Ma réponse est que c’est précisément l’objectif ! Pourquoi venir manifester si nous les laissons faire ? Quand nous nous faisons arrêter nous sommes toujours accusés d’entrave à agents en service, même lorsque ce n’est pas le cas, mais c’est exactement ce que nous devons faire.
Sur la voie rapide 443 – parfois connue sous de nom de « voie de l’apartheid » – il y a un panneau en hébreu qui dit : « Par ordre du Général en chef, il est interdit aux Israéliens de pénétrer dans les villages se trouvant le long de cette route. » Quand des militants se rendent dans ces villages, ils contreviennent à cet ordre. Néanmoins, la protection que notre identité israélienne nous apporte peut être utilisée pour perturber le cours normal de l’occupation partout.
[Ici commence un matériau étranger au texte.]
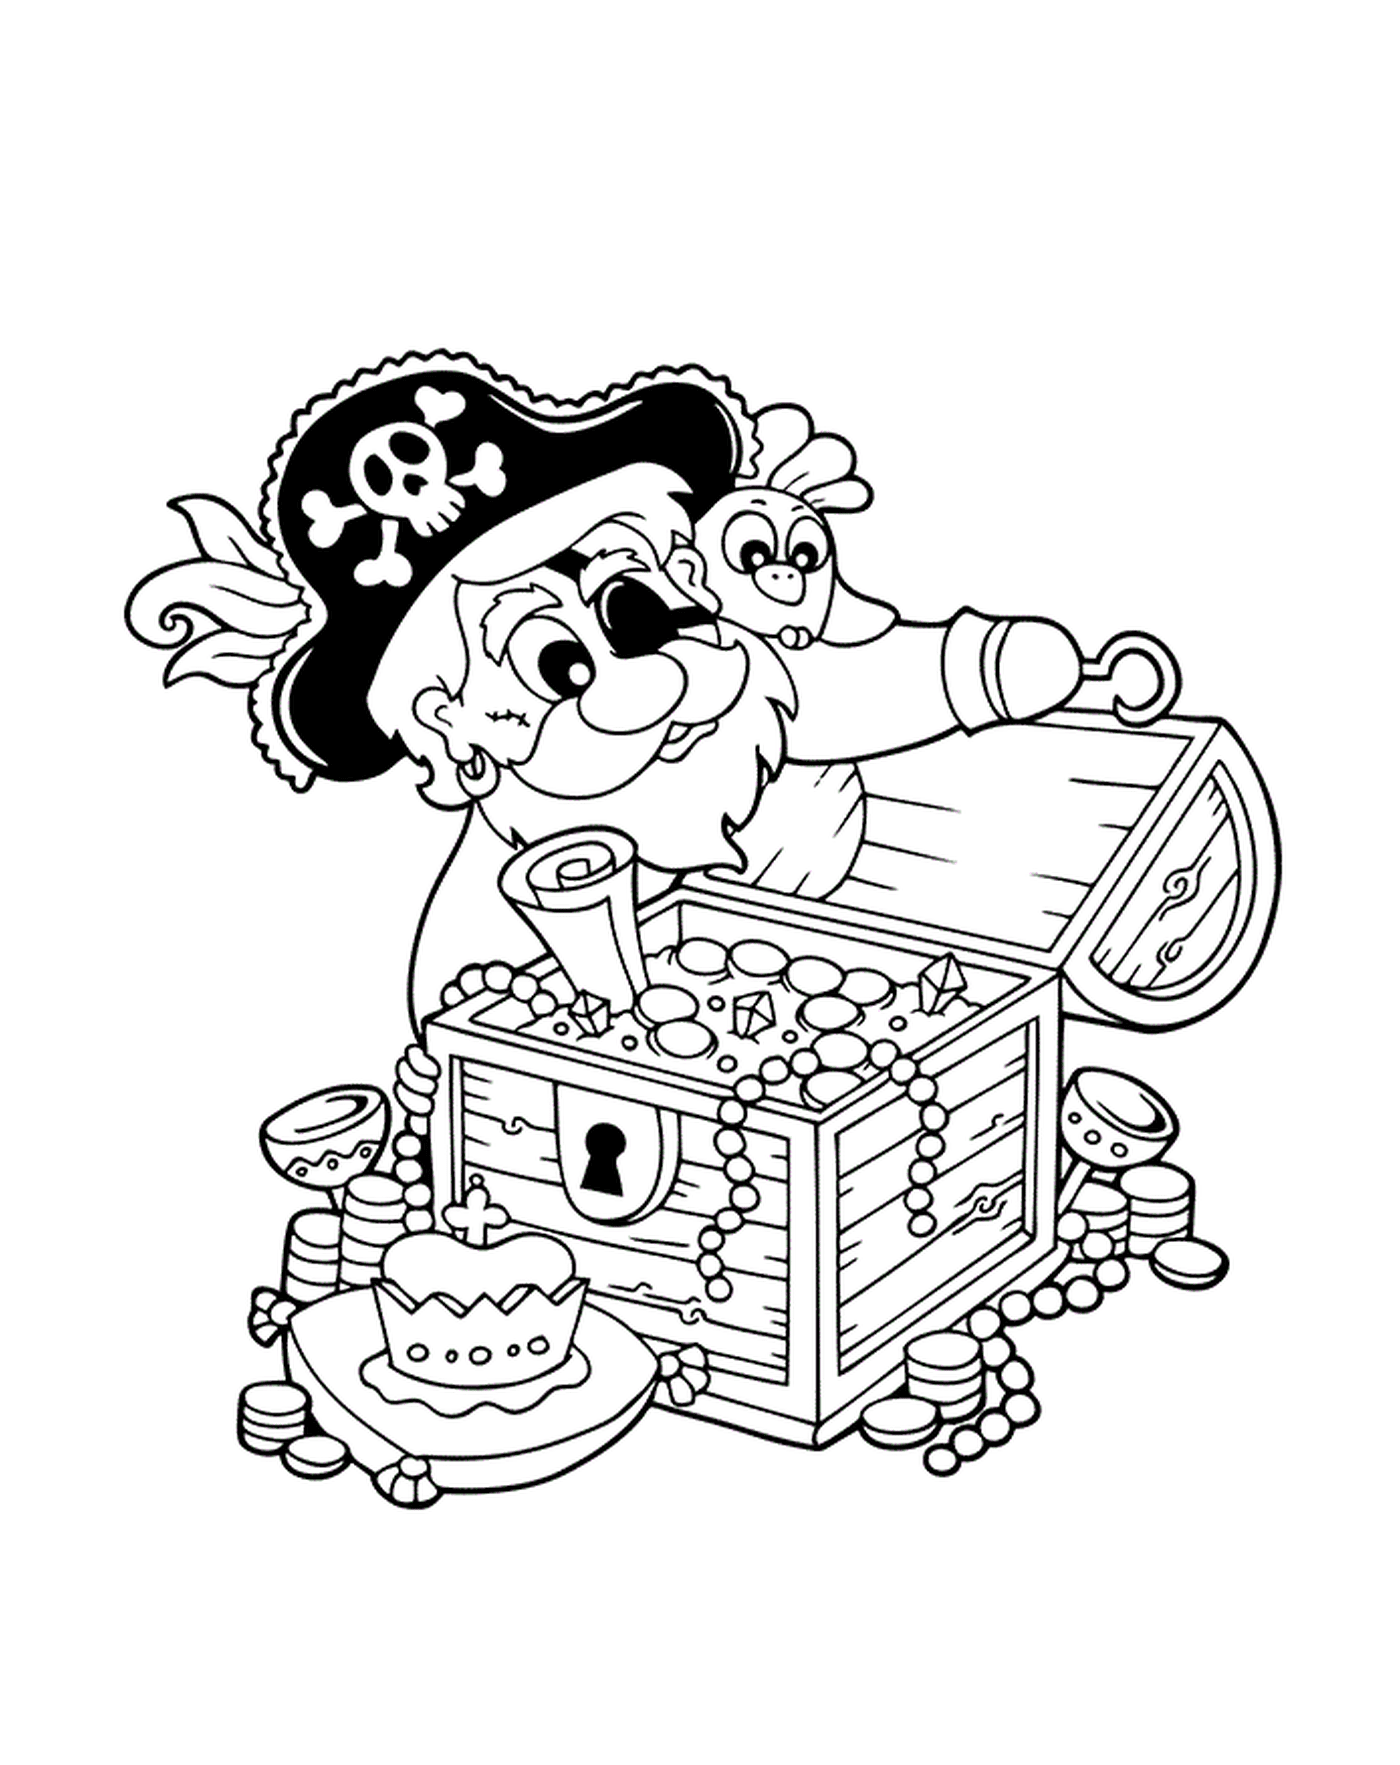  Pirate opens the treasure

Les Israéliens, même ceux qui sont dévoués, bien intentionnés, en font bien trop peu et nous n’utilisons que trop peu notre privilège pour dénoncer et combattre l’injustice infligée aux Palestiniens. La plupart des militants Israéliens ne veulent même pas appeler au refus de servir dans l’armée israélienne parce qu’ils considèrent que c’est trop radical.
Personne n’aime être arrêté , surtout lorsque cela veut dire passer une nuit ou deux en prison, partager une pièce enfumée sans ventilation avec pour seule compagnie celle de cafards et de criminels à deux balles qui détestent les militants encore plus qu’ils ne détestent les Arabes.
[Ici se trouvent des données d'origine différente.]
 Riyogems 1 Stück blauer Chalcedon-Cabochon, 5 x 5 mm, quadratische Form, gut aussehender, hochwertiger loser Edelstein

S’il nous appartient de contribuer à renverser l’injustice, et si nous voulons un jour voir la fin de l’oppression de plus de la moitié de ceux avec qui nous vivons, alors nous devons utiliser notre privilège et agir afin de mettre un terme à la normalité et à l’oppression.
Auteur : Miko Peled
* Miko Peled est un auteur et un militant des droits de l'homme né à Jérusalem. Il est l'auteur de “The General’s Son. Journey of an Israeli in Palestine” et “Injustice, the Story of the Holy Land Foundation Five". Son compte Twitter.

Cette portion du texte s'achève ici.